BICKNELL — City officials are pursuing a new local ordinance that would prohibit people from living in backyard campers.

Mayor Thomas Estabrook said during a recent special meeting, city council members took up a piece of legislation — one still very much in the works — that would finally address a very common complaint from local residents.

“People will pull a camper or a motor home, park it behind someone’s house and live in it,” Estabrook said. “We get multiple complaints about that.”

An example, he said, was a recent report of a local home with three campers parked outside. Extension chords, the mayor said, were run from the primary dwelling — a double-wide trailer — to the mobile homes to extend electricity.

“It’s dangerous.
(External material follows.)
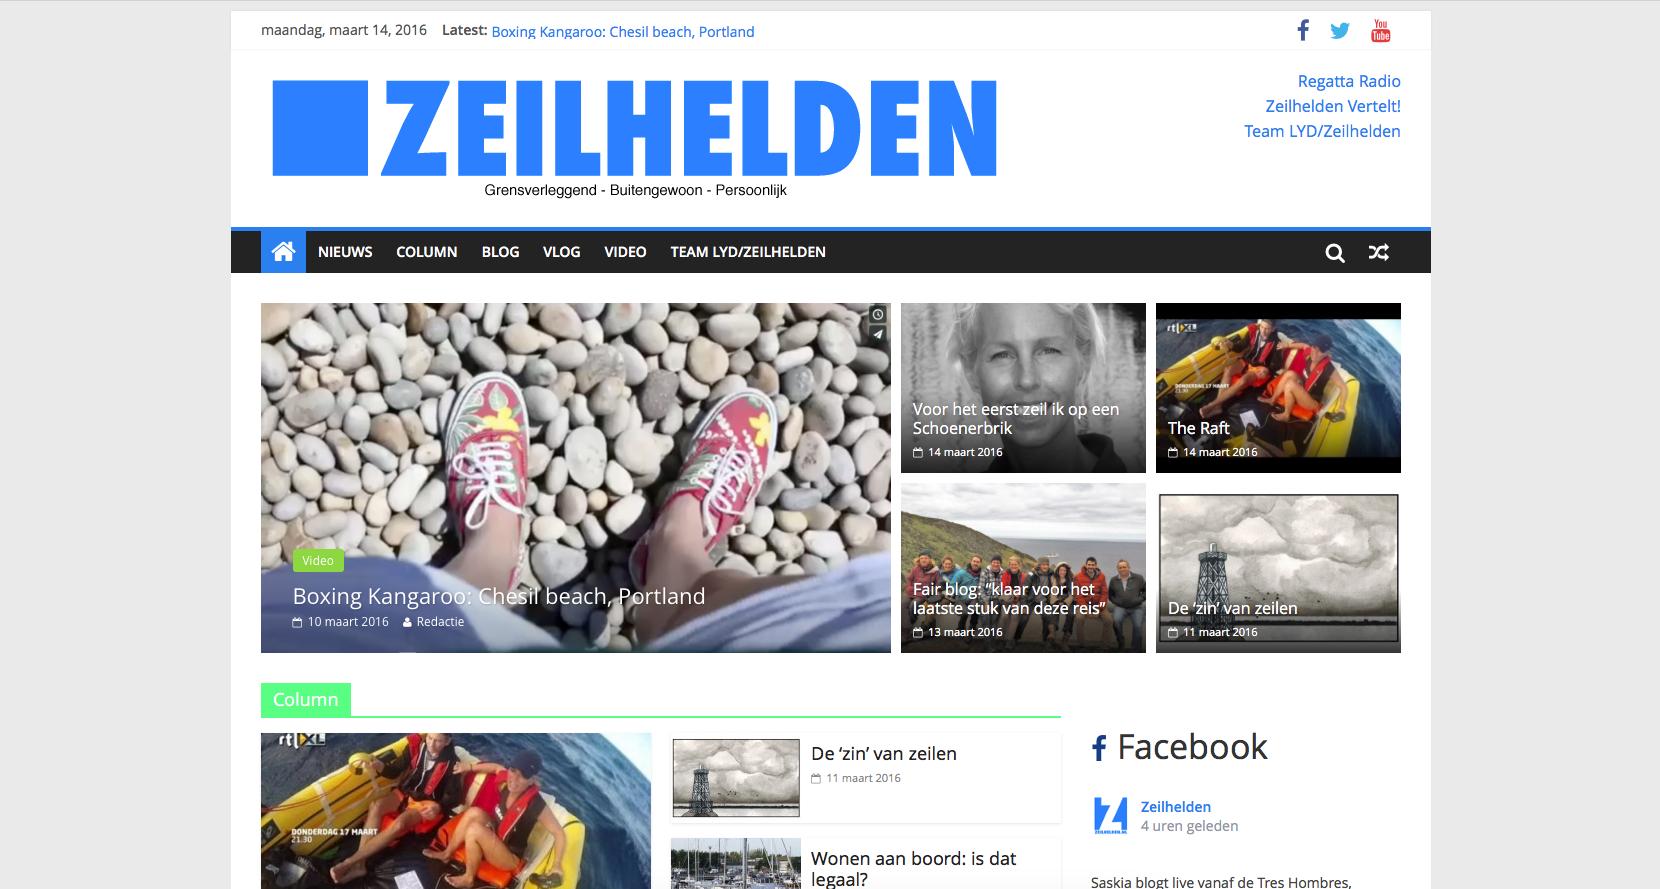 Zeilhelden.nl

It drives down property values,” he said. “And it promotes the kind of substandard living we’re not really looking for here.”

It’s been an issue on and off for years, he said, but the city has never addressed it with a specific ordinance — until now.

He’s hopeful, he said, that council members will give it final approval when they meet again in regular session on Aug. 10.

“We had our first reading, good discussion,” he said. “We’ll take it back up when we meet again.

“This is something (the council) wants to address because they get complaints when it happens,” the mayor said of council members.

Enforcement, the mayor said, will be handled by Bicknell’s sole police officer, currently retired Vincennes Police Department officer Roger Smith, and the city council itself.

Should city officials be made aware of someone living in a camper on someone else’s property, the city’s police officer will be dispatched to ask that the camper be moved.

“If they do, everything will be fine,” Estabrook said. “If not, they’ll get a citation and be summoned to city court.”

If the person still doesn’t comply, the ordinance would allow city officials to tow the camper or mobile home away and send the owner the bill.

The ordinance, too, will address another problem city officials have dealt with in previous years, which is residents living in a home being supplied electricity by a generator.

“We’ll have folks living in a rental house, they don’t pay their electric bill and it’s shut off, so they have a portable generator for electricity,” Estabrook said. “That becomes an issue for neighboring property owners, having a loud generator running day and night.

“It doesn’t happen a lot, but it does occasionally,” the mayor said. “So this ordinance will take care of that, too.”

Estabrook, too, figures that — once the ordinance is approved and in place — these will be the types of issues that can be remedied quickly.

“Because this is just one of those issues that gets attention,” he said. “If someone is living in a camper on someone else’s property, we get a call pretty quick.”

Estabrook did say that this new ordinance would not impact residents who have campers and park them outside their homes. It would only be directed at people using a camper as a permanent residence.